Notes
tilted triangles solution

Solution to the Tilted Triangles Puzzle

Solution by Angle at the Centre is Twice the Angle at the Circumference

With the points labelled as in the above diagram, since the triangles are equilateral and congruent the lengths of $O E$, $O D$, $O B$, and $O A$ are all the same so the circle centred on $O$ that passes through $E$ also passes through $D$, $B$, and $A$.

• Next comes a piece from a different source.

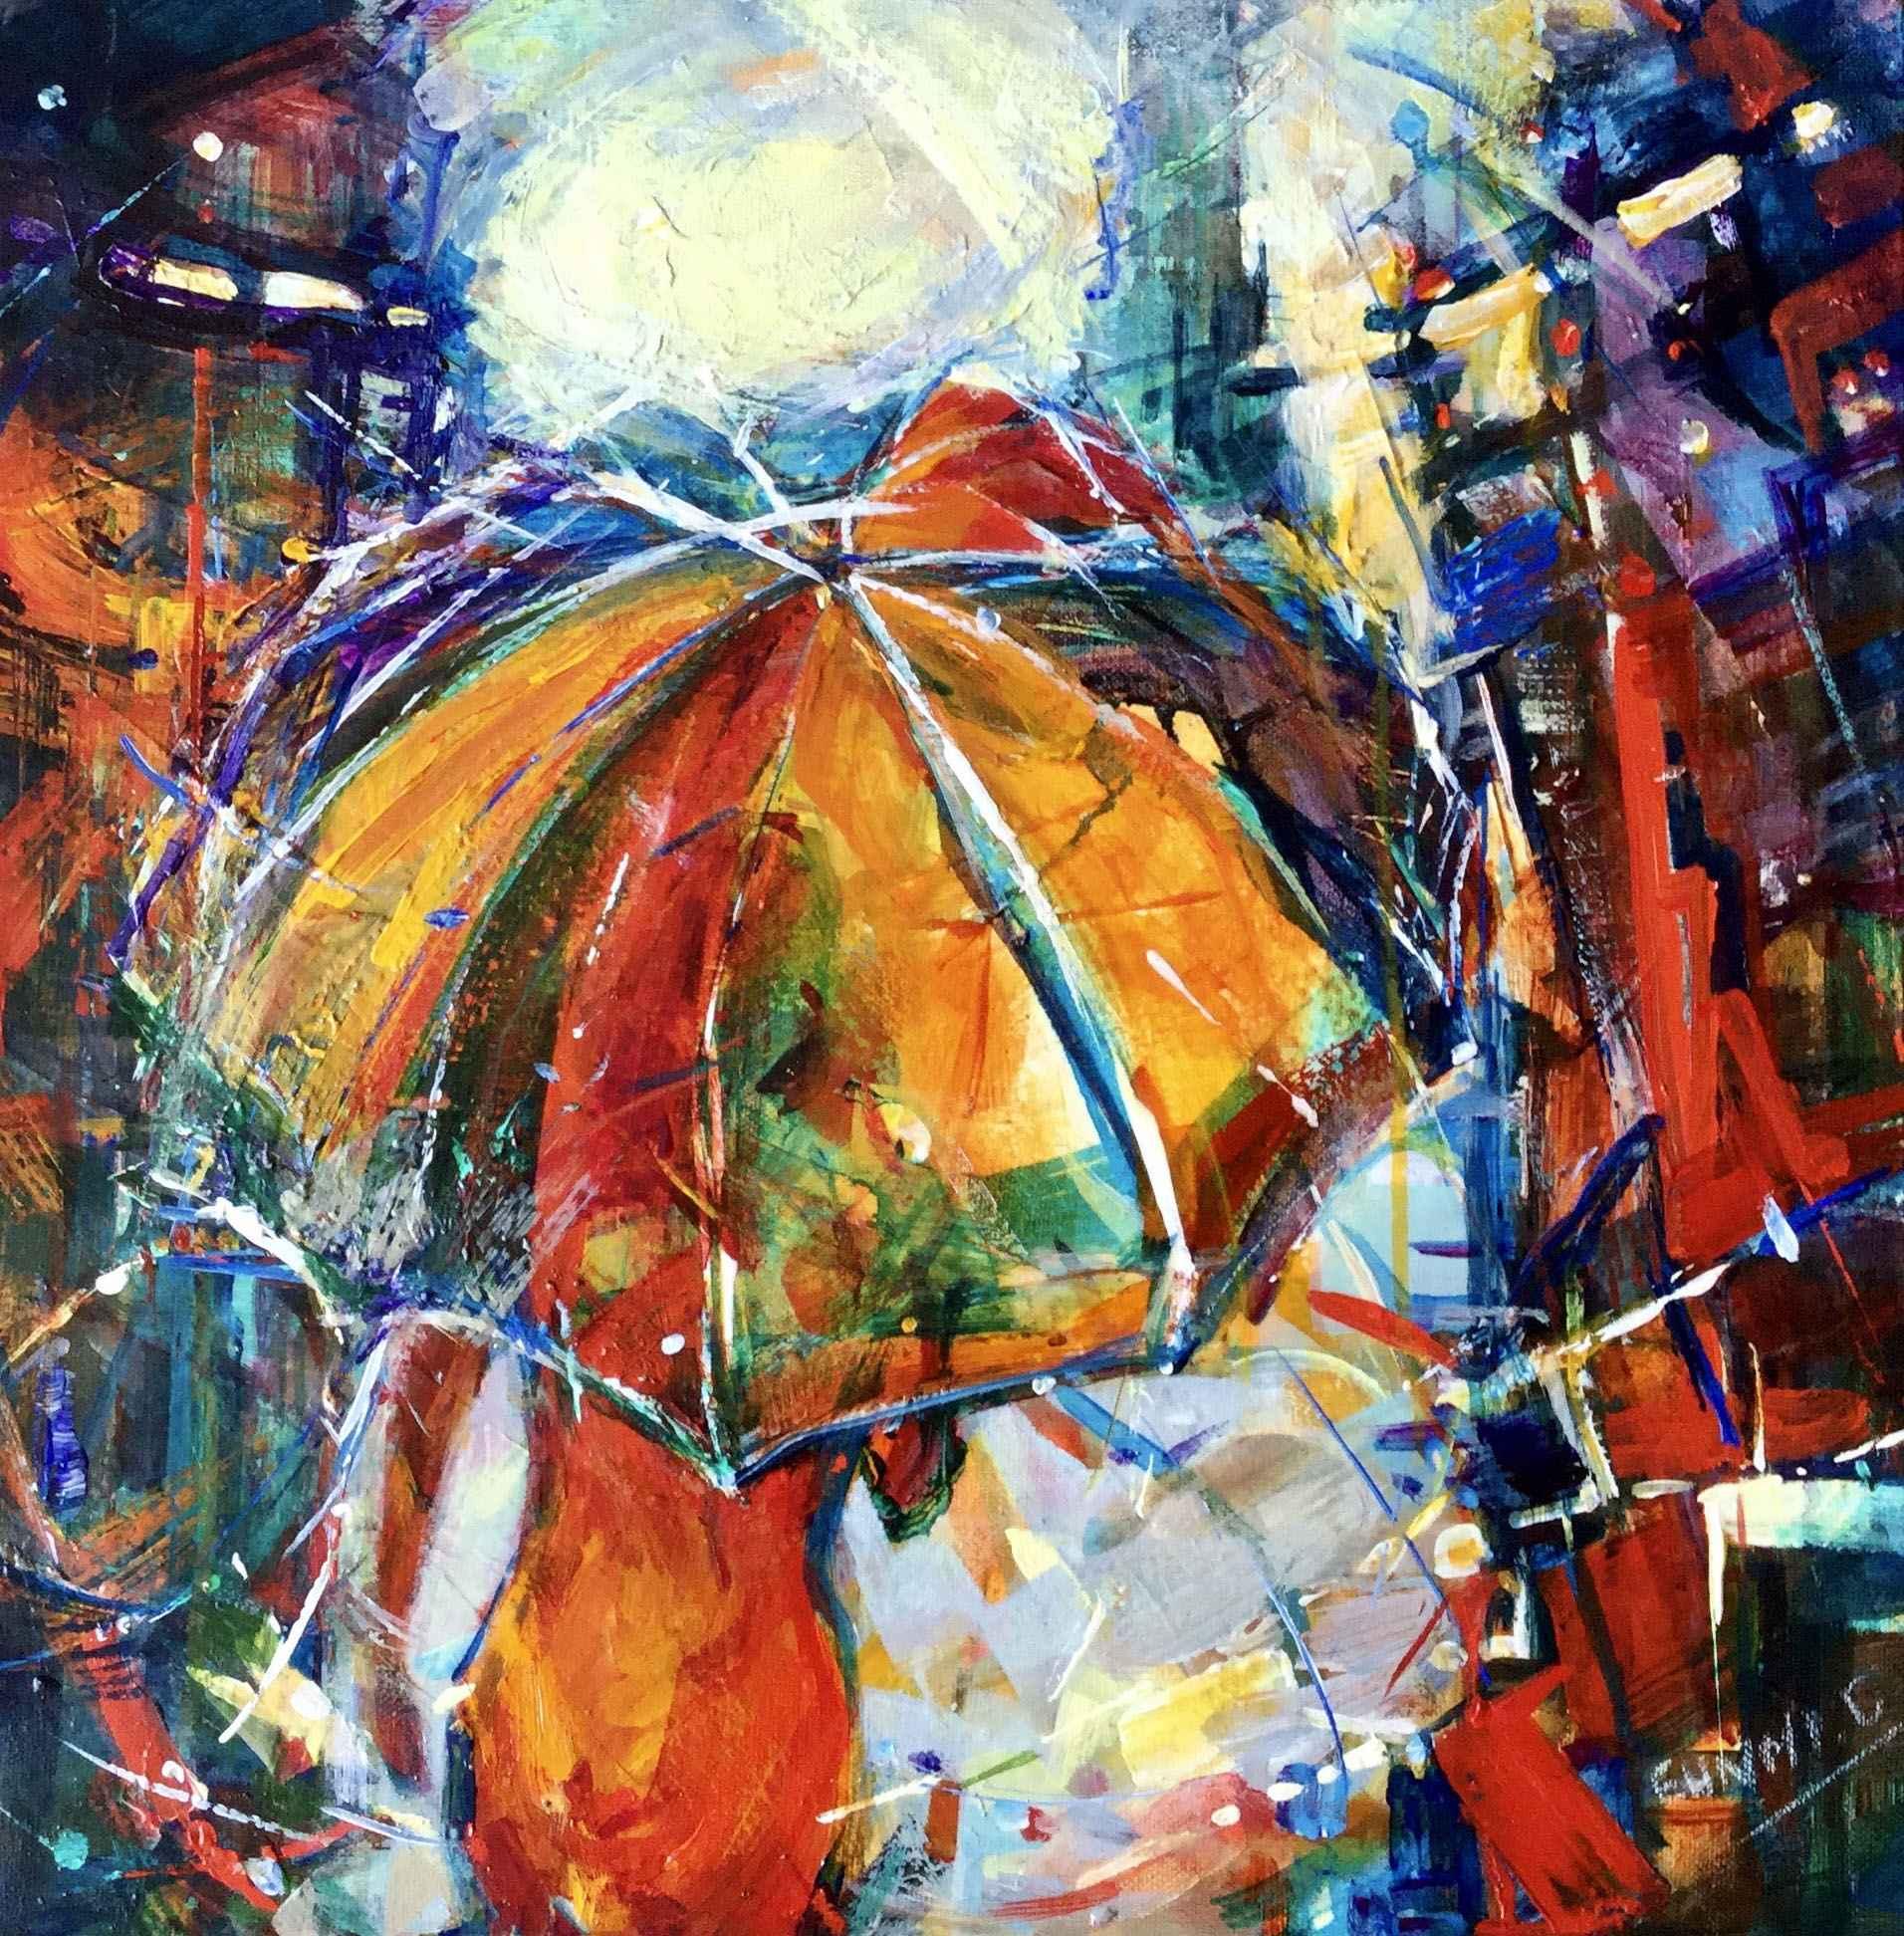 Yellow Umbrella by  Eunmi Conacher - Masterpiece Online

Since the angle at the centre is twice the angle at the circumference, the reflex angle $E \hat{O} A$ is twice angle $E \hat{B} A$. The same argument shows that angle $B \hat{O} D$ is twice angle $B \hat{A} D$. Adding together angles $B \hat{A} D$ and $E \hat{B} A$ therefore gives half of the sum of $B \hat{O} D$ and $E \hat{O} A$. Angles $D \hat{O} E$ and $A \hat{O} B$ are both the interior angle of an equilateral triangle so are $60^\circ$. Since the angles at a point add up to $360^\circ$, this means that angles $B \hat{A} D$ and $E \hat{B} A$ add up to $120^\circ$. Then as the angles in a triangle add up to $180^\circ$, angle $A \hat{C} B$ is $60^\circ$ and so $B \hat{C} D$ is $120^\circ$.